#### SUPPLIED INFORMATION

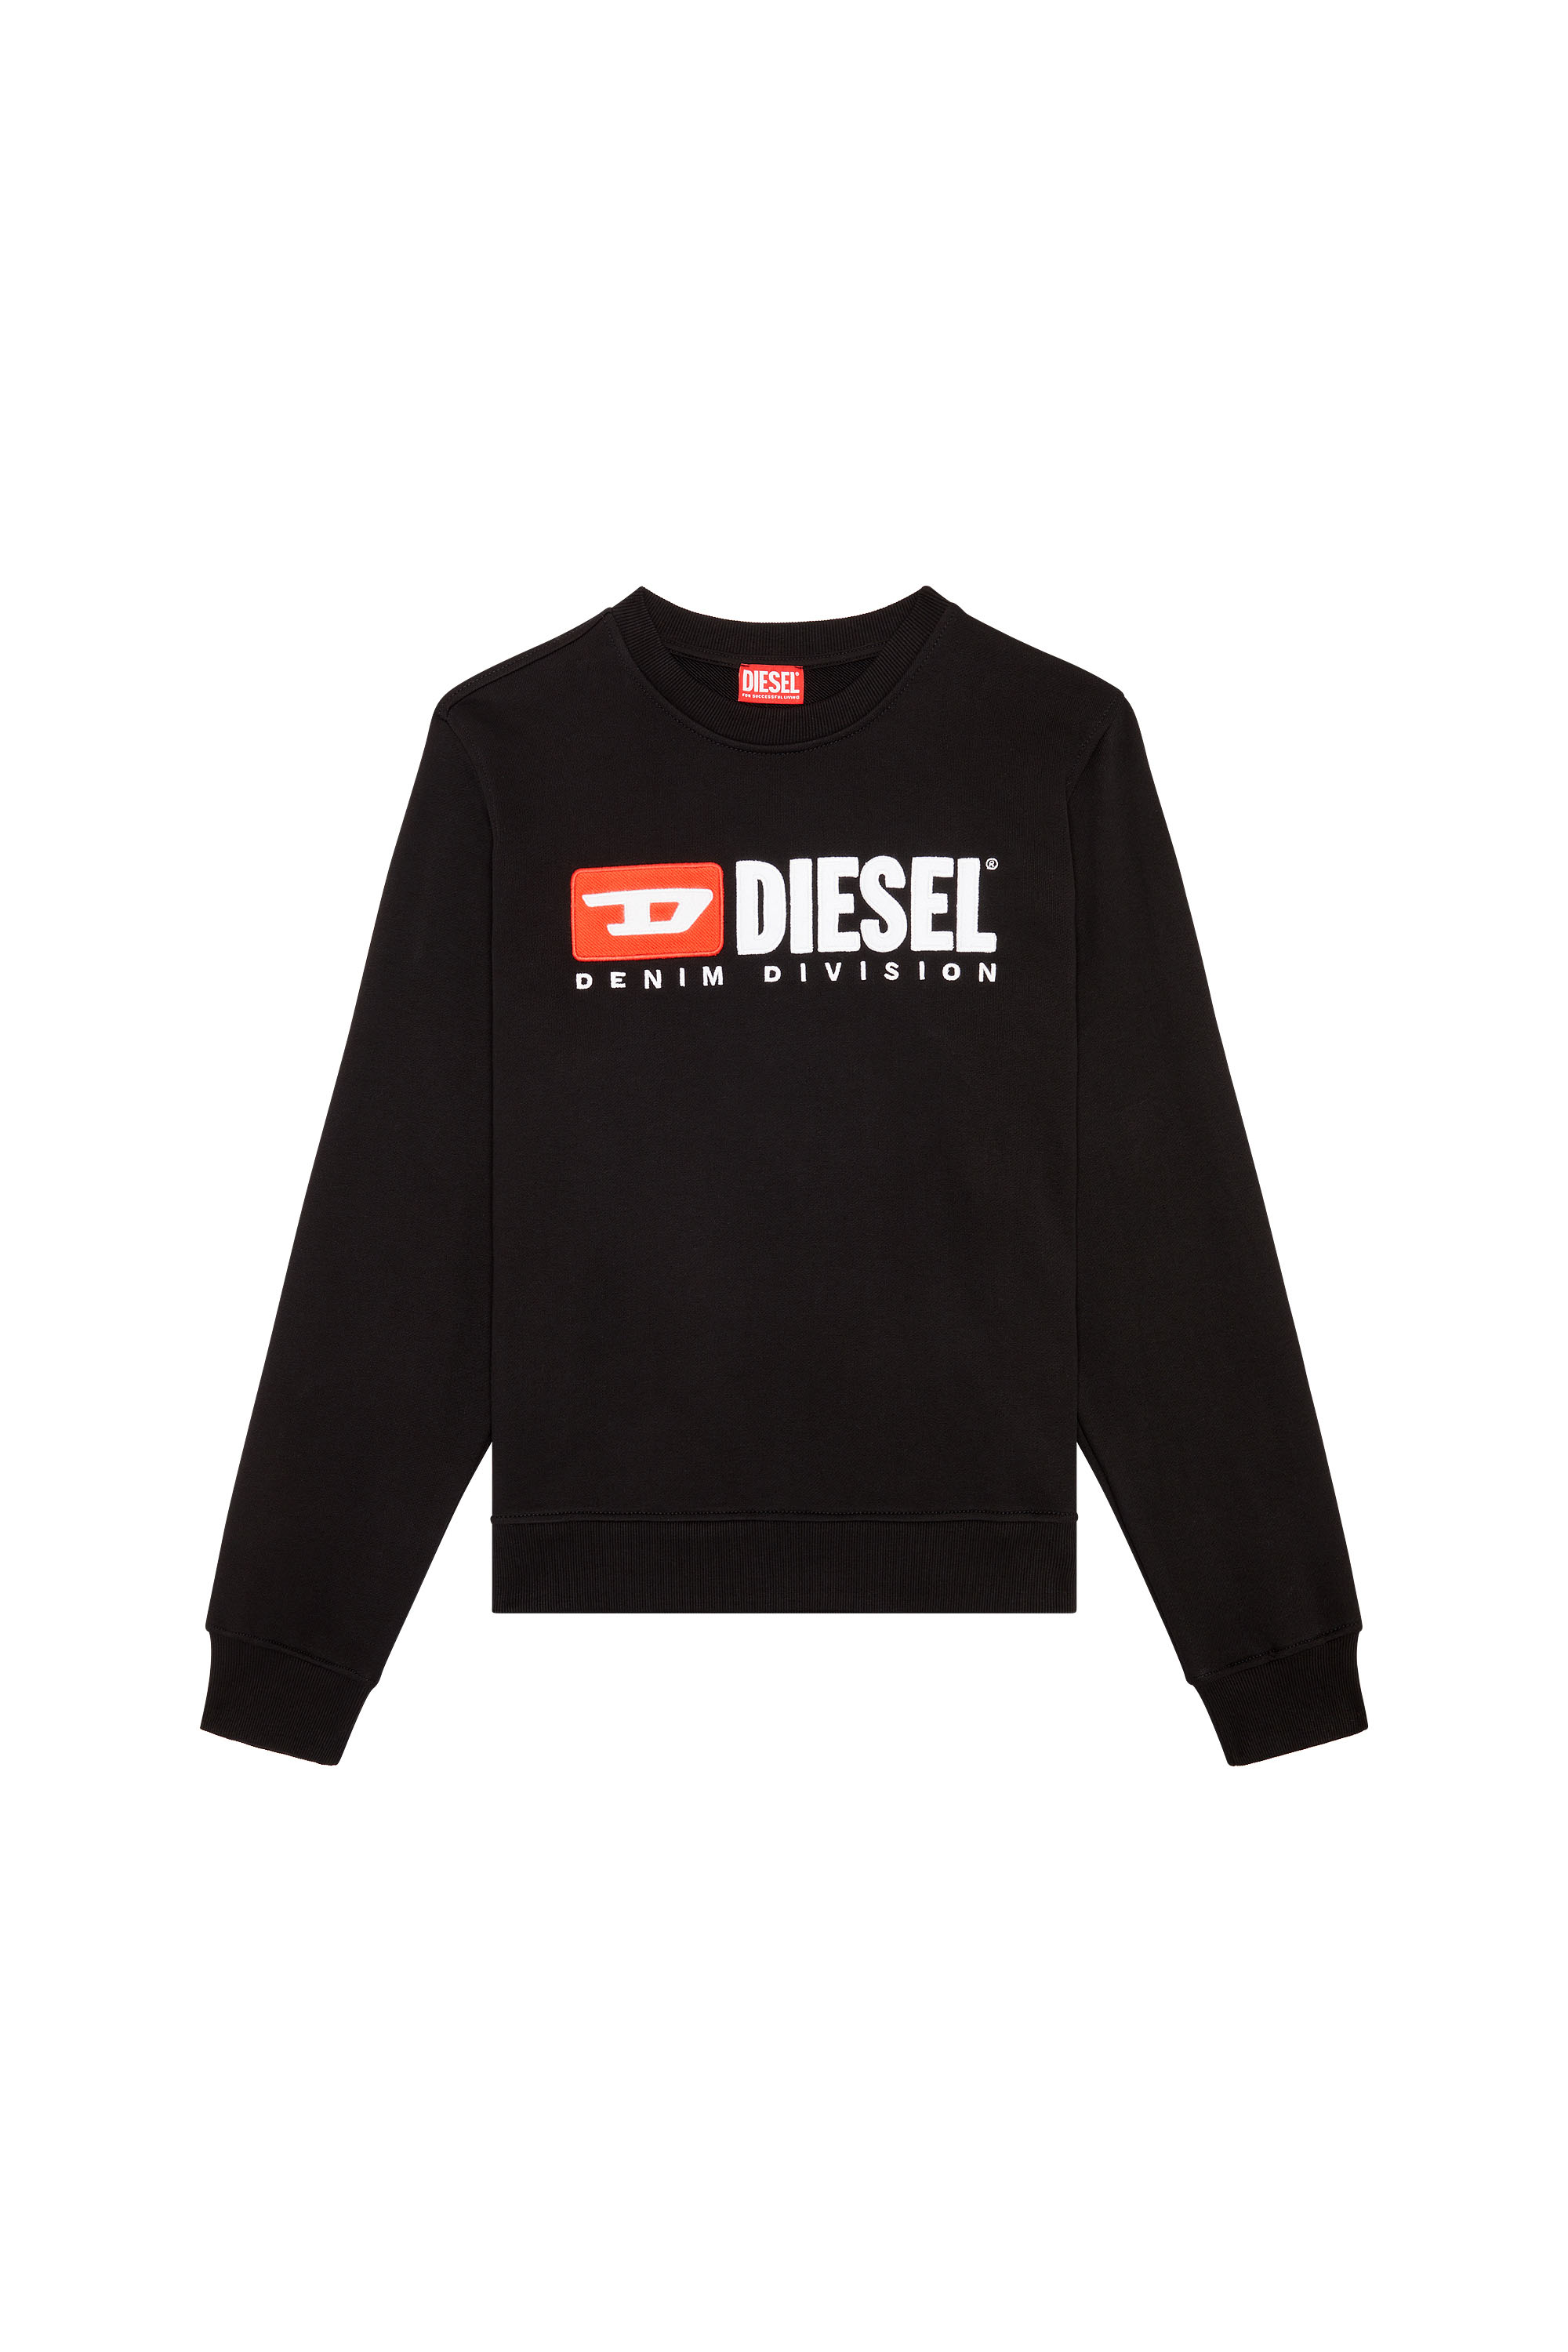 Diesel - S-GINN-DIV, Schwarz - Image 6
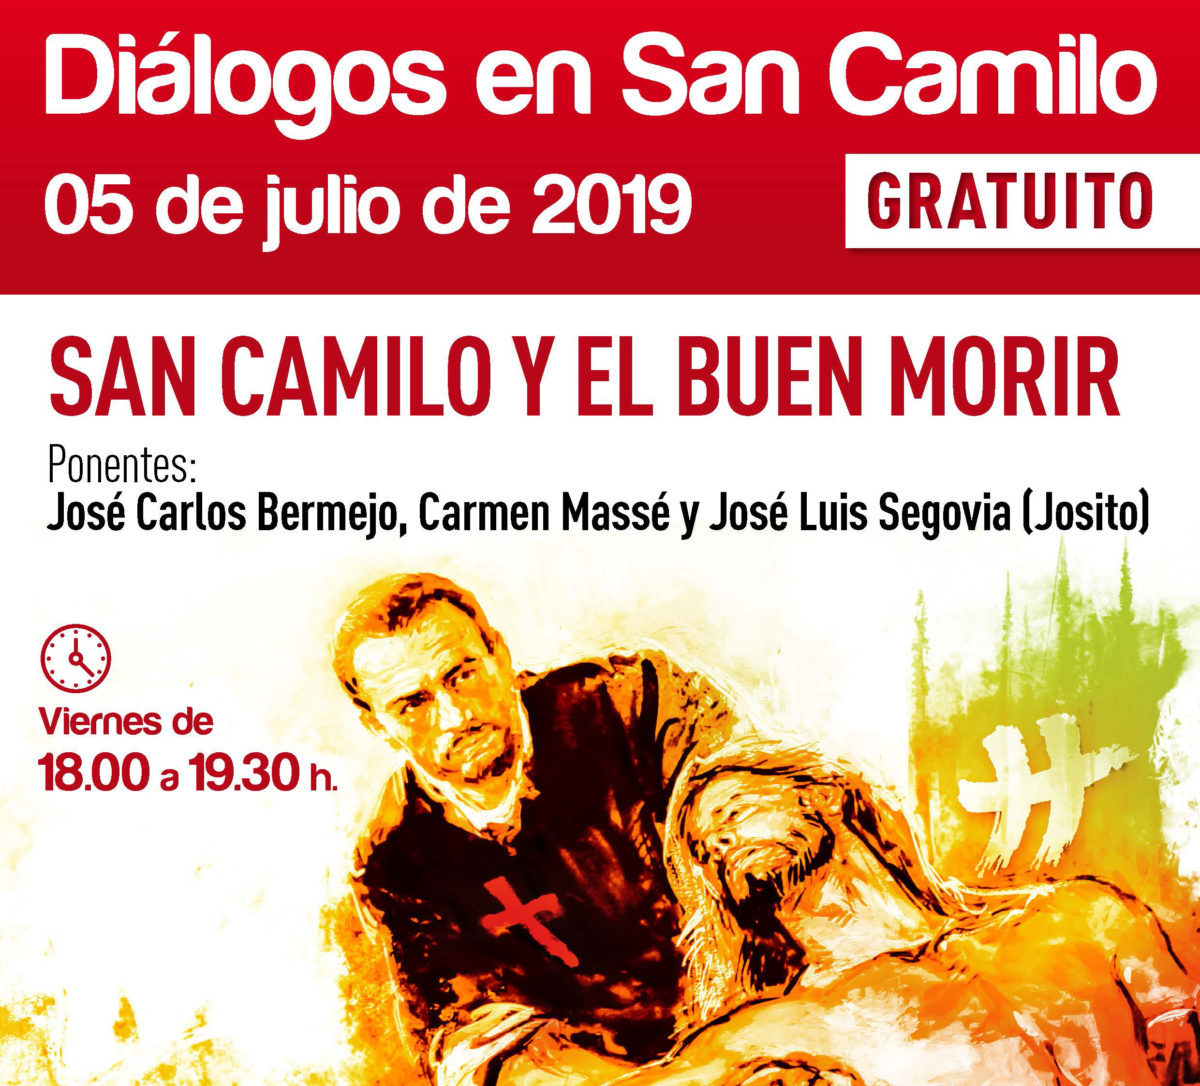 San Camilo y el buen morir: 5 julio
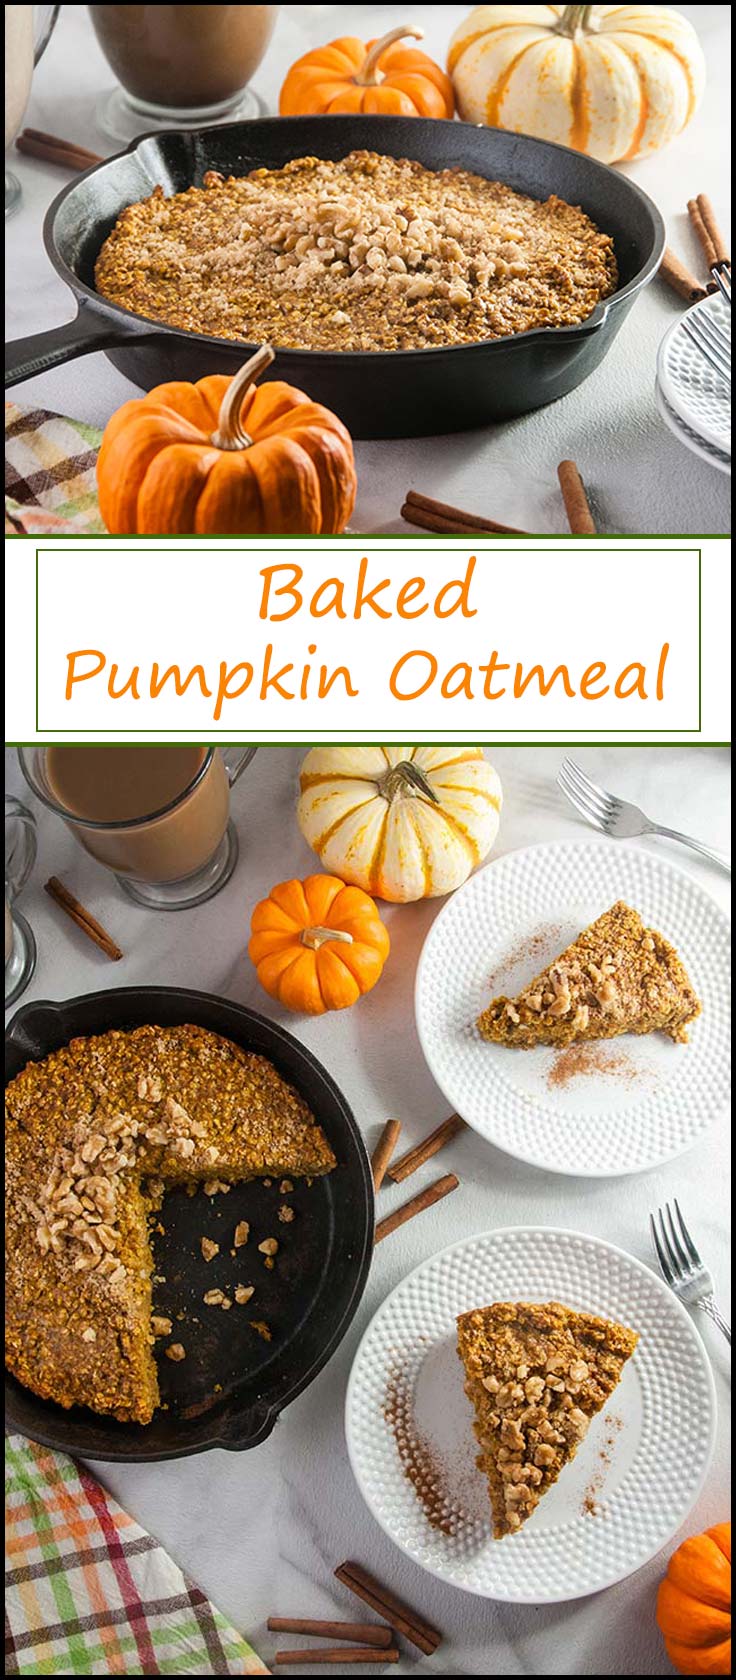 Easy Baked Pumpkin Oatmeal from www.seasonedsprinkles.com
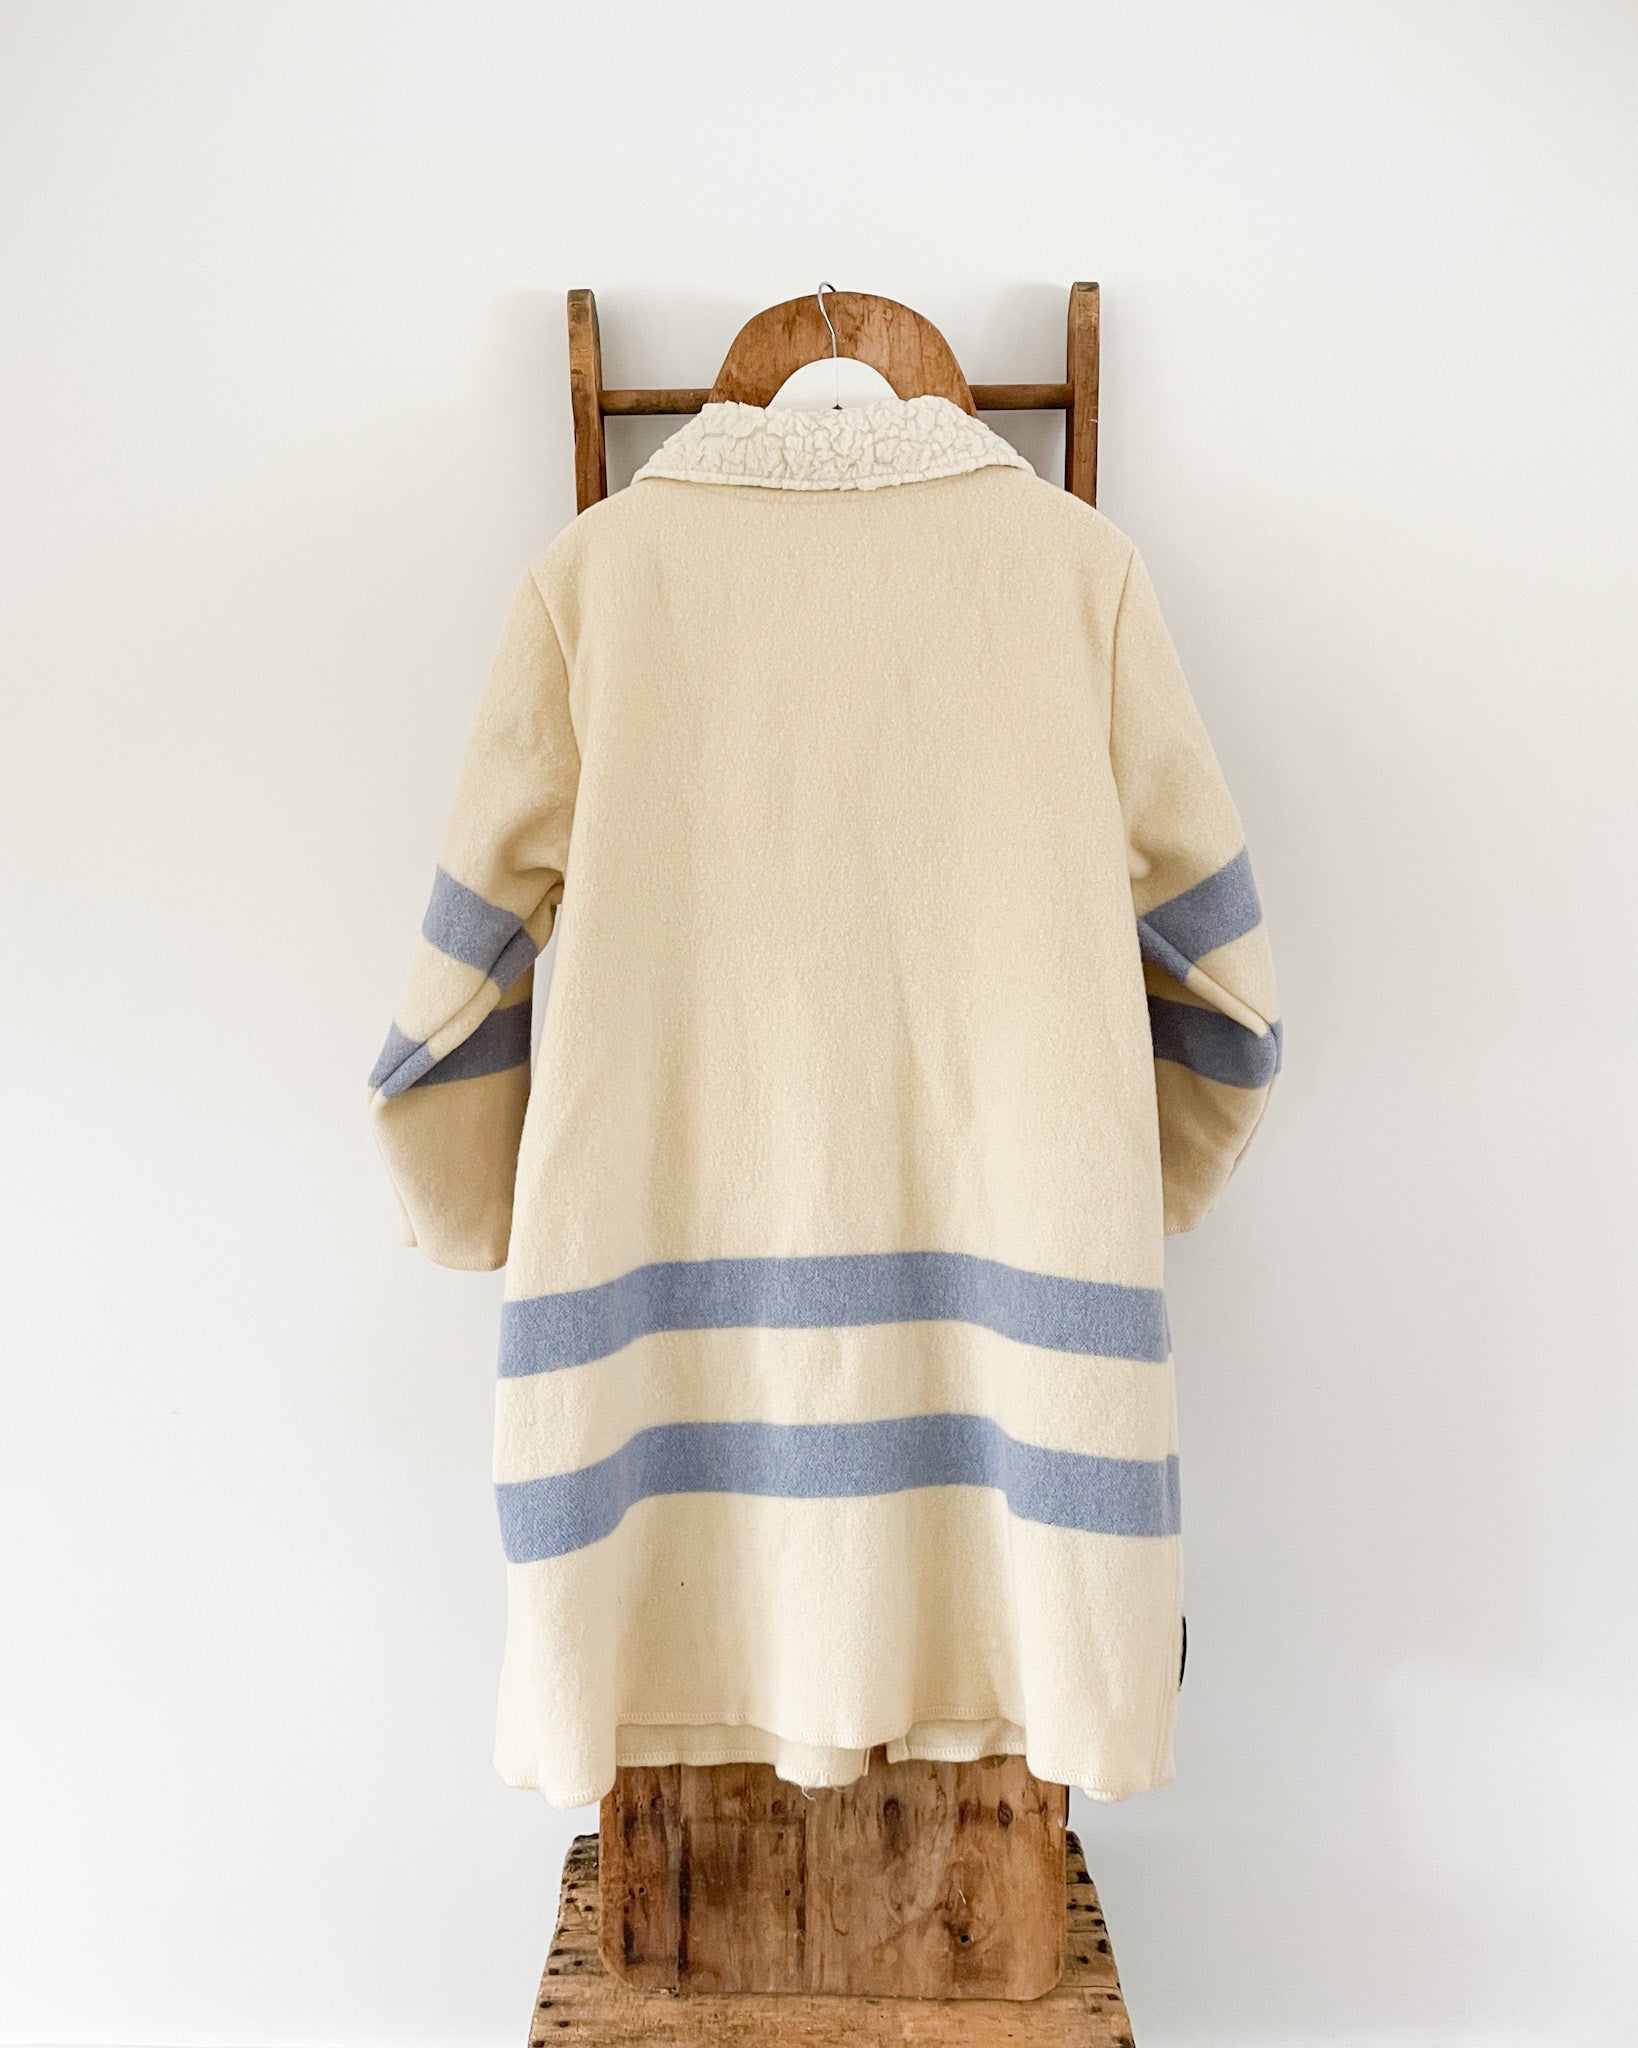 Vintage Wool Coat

########

:: PROBLEM ::
Print the listing word for word, but omit the pictures.

:: EXERCISE OUTPUT ::
 Diesel - S-GINN-DIV, Schwarz - Image 6
 San Camilo y el buen morir: 5 julio
 Easy Baked Pumpkin Oatmeal from www.seasonedsprinkles.com
 Vintage Wool Coat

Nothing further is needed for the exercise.